I hope this points you in the right direction:
I started with a table I called [Hours_by_Empl_PP] which has the total hours for each Employee in each individual Pay_Period.
EmployeeID PayPeriodID HoursUsed
1 1 3
1 2 7
1 3 4
1 4 4
1 5 5
1 6 8
1 7 5
2 1 1
2 2 2
2 3 1
2 4 0
2 5 0
2 6 1
2 7 2
If your table data has multiple records for a given (Employee + Pay_Period) you can create a simple aggregation query to total up the values...
SELECT EmployeeID, PayPeriodID, SUM(HoursUsedToday) AS HoursUsed
FROM YourRawData
GROUP BY EmployeeID, PayPeriodID
...save that as [Hours_by_Empl_PP], and use that instead of a table.
The next step was to create a query to sum up the number of hours over a 4-period window. (I chose 4 instead of 26 just to make it easier to check my work.) This window includes the current Pay_Period and the previous three.

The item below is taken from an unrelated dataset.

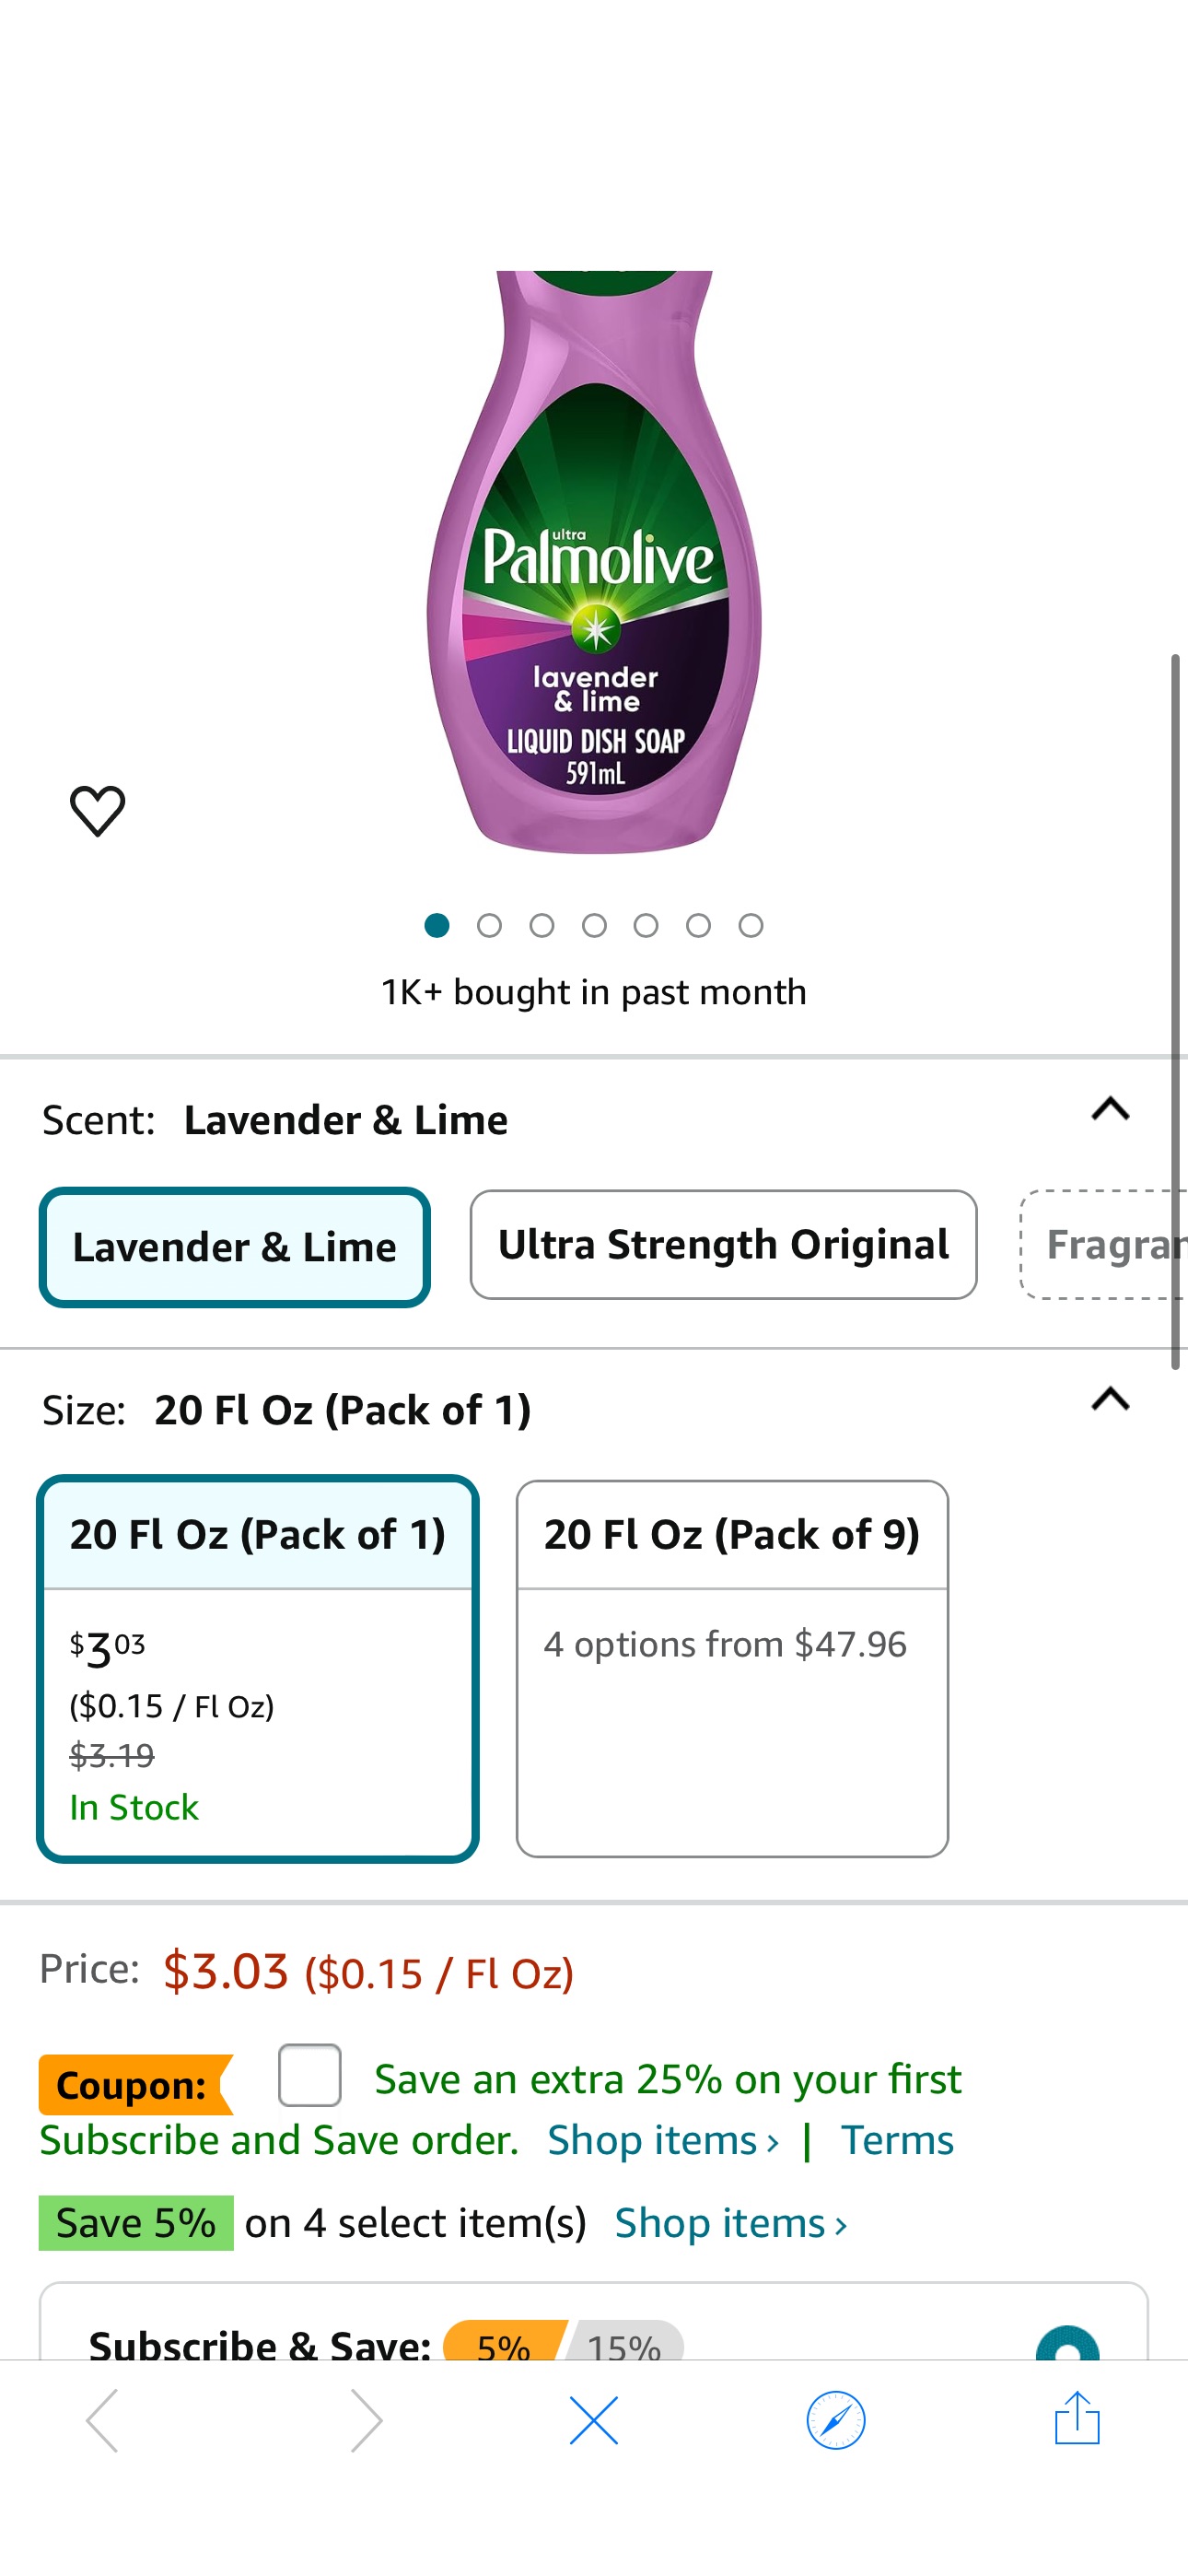 Amazon.com: Palmolive Ultra Experientials Liquid Dish Soap, Lavender & Lime Scent, 20 Fl Oz (Pack of 1) : Health & Household clip coupon

SELECT hbep1.EmployeeID, hbep1.PayPeriodID,
(
SELECT Sum(hbep2.HoursUsed)
FROM Hours_by_Empl_PP hbep2
WHERE hbep2.EmployeeID=hbep1.EmployeeID
AND (hbep2.PayPeriodID Between hbep1.[PayPeriodID]-3 And hbep1.[PayPeriodID])
) AS Sum_of_Hours_last_4_PPs
FROM Hours_by_Empl_PP hbep1;
This query gives me
EmployeeID PayPeriodID Sum_of_Hours_last_4_PPs
1 1 3
1 2 10
1 3 14
1 4 18
1 5 20
1 6 21
1 7 22
2 1 1
2 2 3
2 3 4
2 4 4
2 5 3
2 6 2
2 7 3
Note that the query assumes that PayPeriodID values are sequential and in chronological order. You could achieve the same result using [PayPeriodEndDate] values, but that would mean another JOIN and I wanted to keep the example as clear as possible.
That's it, really. You can just save that query with a name like [Hours_by_Empl_4PP_window] and use it in your queries to JOIN on other tables (for Employee name, etc.) and take it from there.